You might have heard the term “bifurcation” if you’ve been around PCIe, especially in mining or PC tinkering communities. This is splitting a PCIe slot into multiple PCIe links, and as you can imagine, it’s quite tasty of a feature for hackers; you don’t need any extra hardware, really, all you need is to add a buffer for REFCLK. See, it’s still needed by every single extra port you get – but you can’t physically just pull the same clock diffpair to all the slots at once, since that will result in stubs and, consequently, signal reflections; a REFCLK buffer chip takes the clock from the host and produces a number of identical copies of the REFCLK signal that you then pull standalone. You might have seen x16 to four NVMe slot cards online – invariably, somewhere in the corner of the card, you can spot the REFCLK buffer chip. In a perfect scenario, this is all you need to get more PCIe out of your PCIe.
In reality, proper bifurcation support is messy.

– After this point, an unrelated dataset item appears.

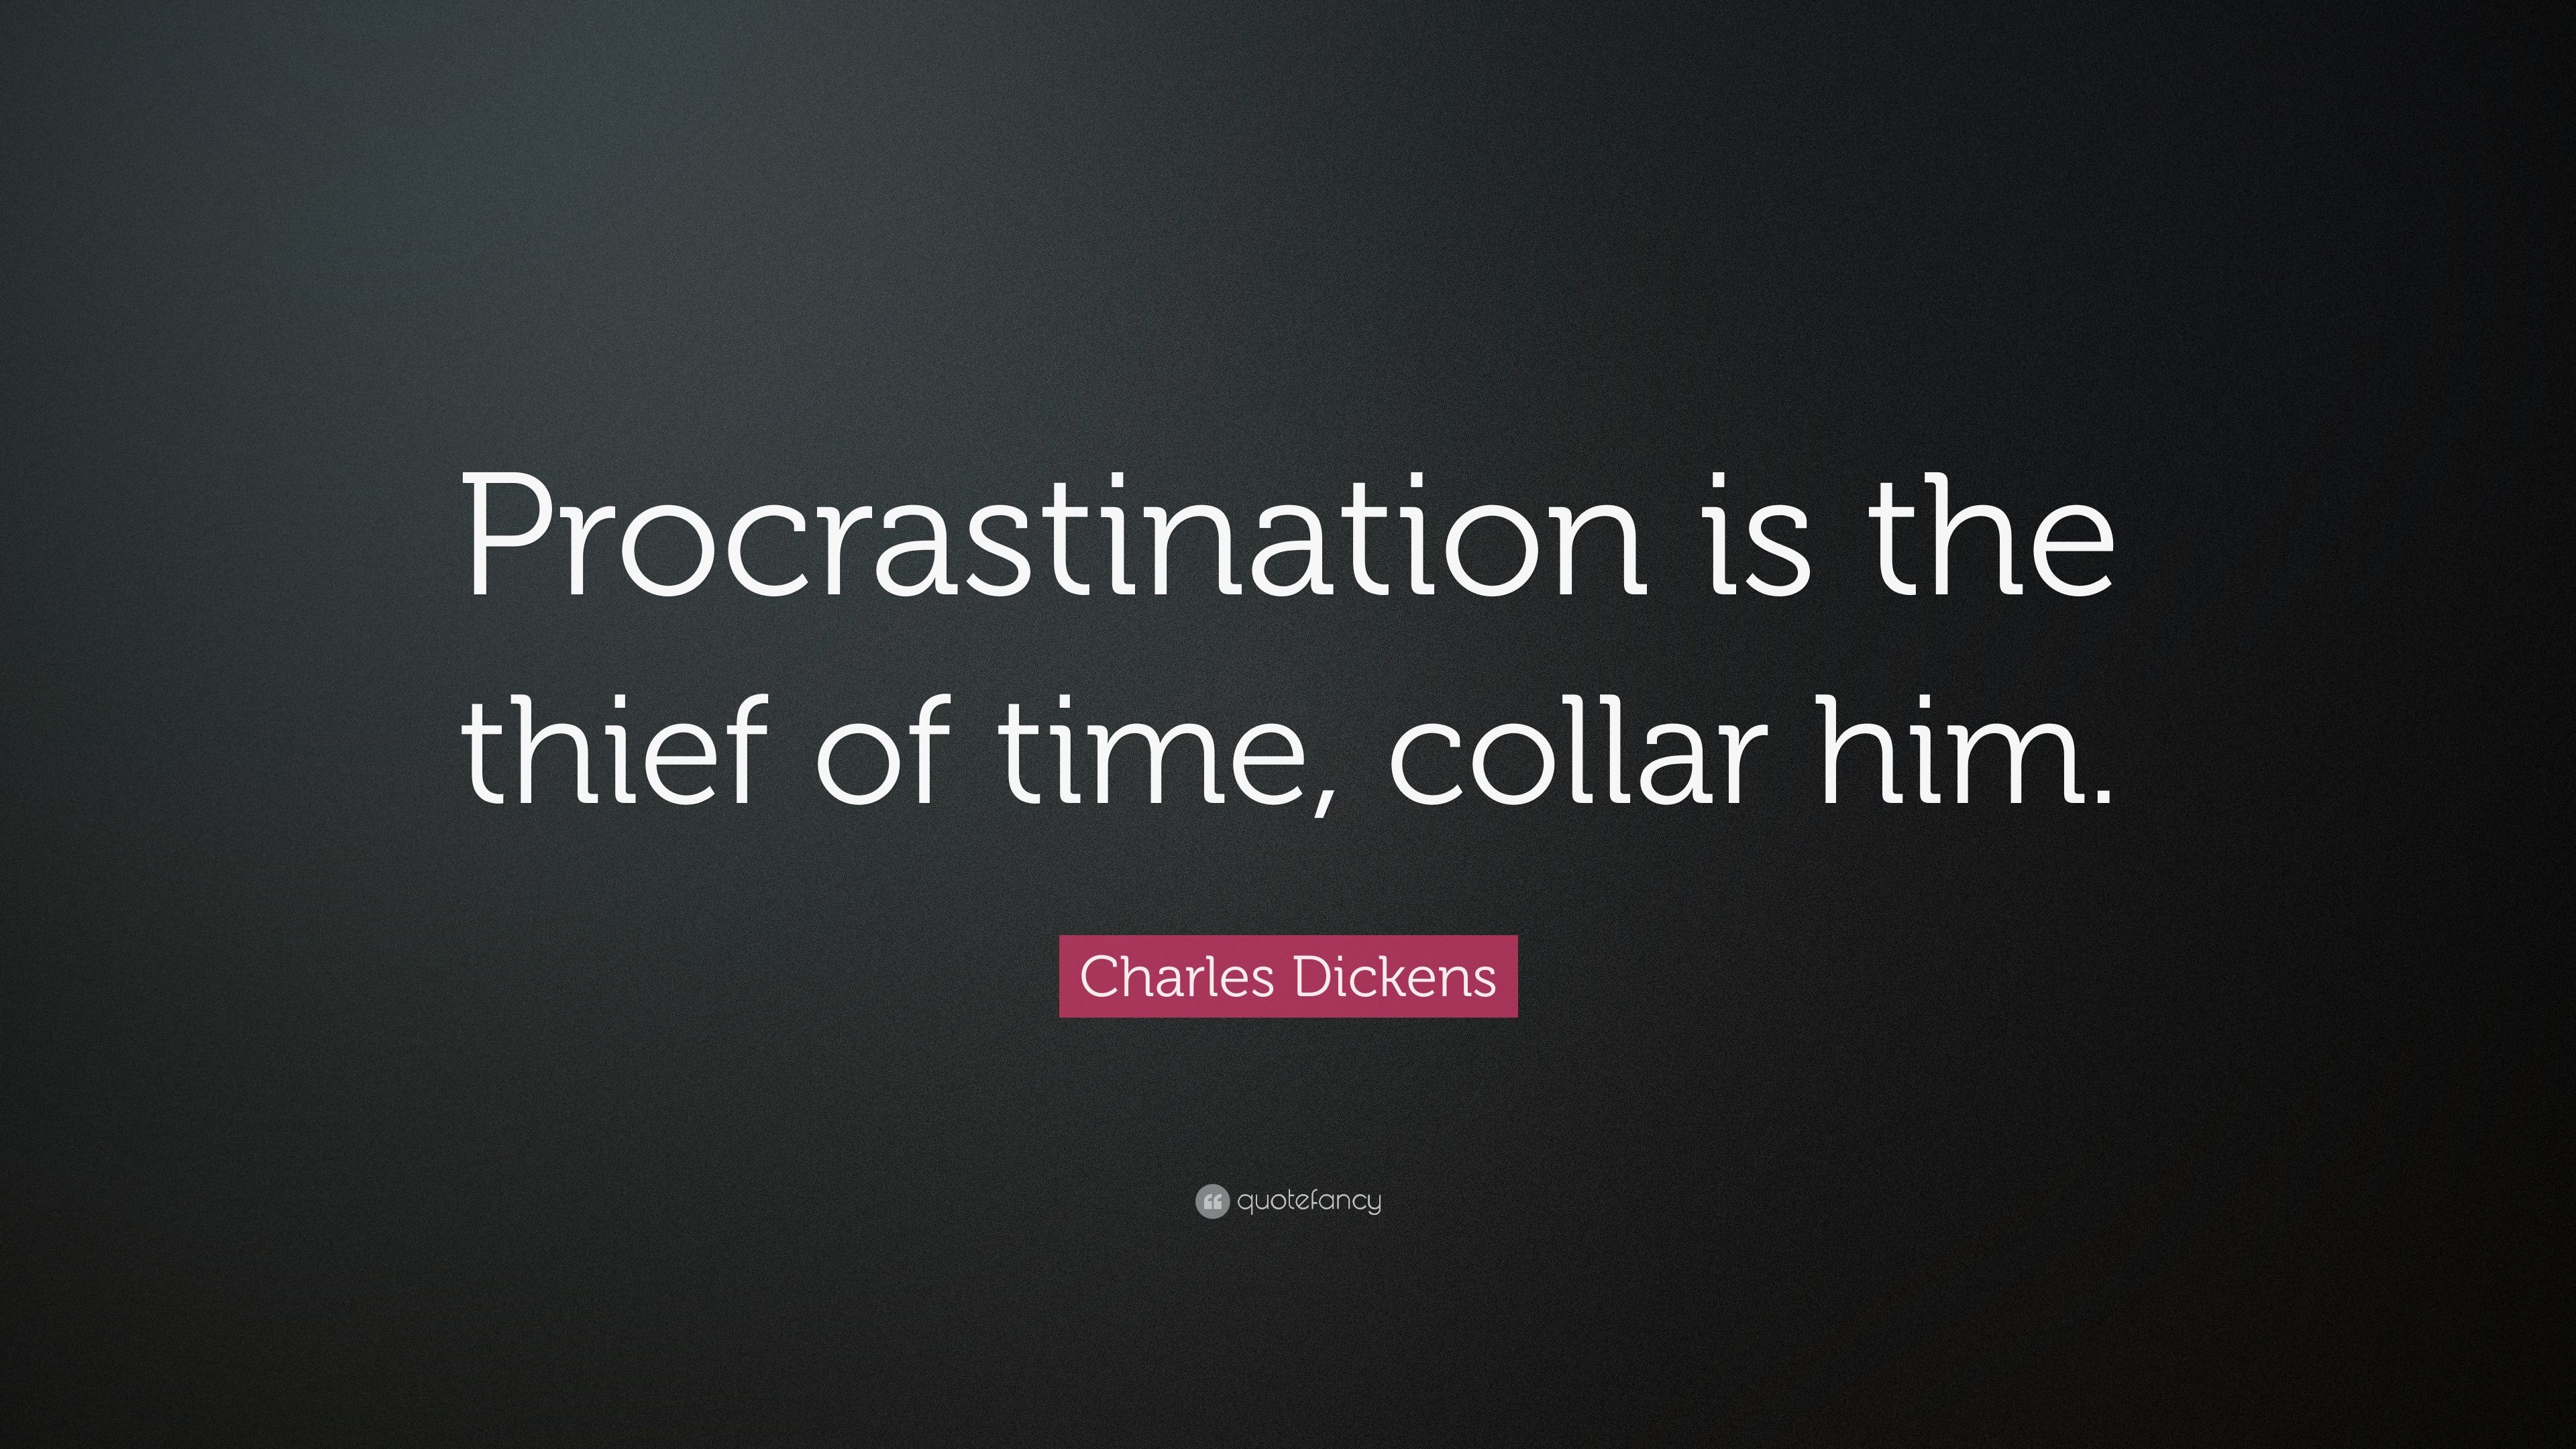 Procrastination Wallpaper. Procrastination Wallpaper, Procrastination Funny Wallpaper and Quotes Procrastination Wallpaper

Bifurcation requires support from the host – and this support is quite situational, with only some chipsets being able to do bifurcation, and quite a few motherboards being able to do it but opting to not make it possible software-wise for whatever reason. Even if you’re making your own PCIe host with an FPGA and the sheer flexibility this implies, your FPGA might straight up not support bifurcation for internal reasons. What’s more, you can’t just get sixteen x1 links out of a single x16 slot – usually, the supported combination is four x4 links out of an x16 slot, maybe two x4 links out of an x8-wired x16 slot.
Now, there’s an alternative, and it’s PCIe switches – these are hefty chips which present a PCIe device interface to your host, and multiple PCIe host interfaces for all your devices; you could compare them to Ethernet switches in terms of how they work, except that lanes of a PCIe switch have either host or device roles and Ethernet switch ports are generally all equal. These switches are sized from a RP2040-style QFN (in case of ASM1182, a 1:2 switch) to the size of a x86 CPU, they will often need external cooling, they also tend to be pricey, and consume a decent amount of power. If you’re looking for bifurcation cards on say, Aliexpress, you will inevitably stumble upon cards with PCIe switches on them.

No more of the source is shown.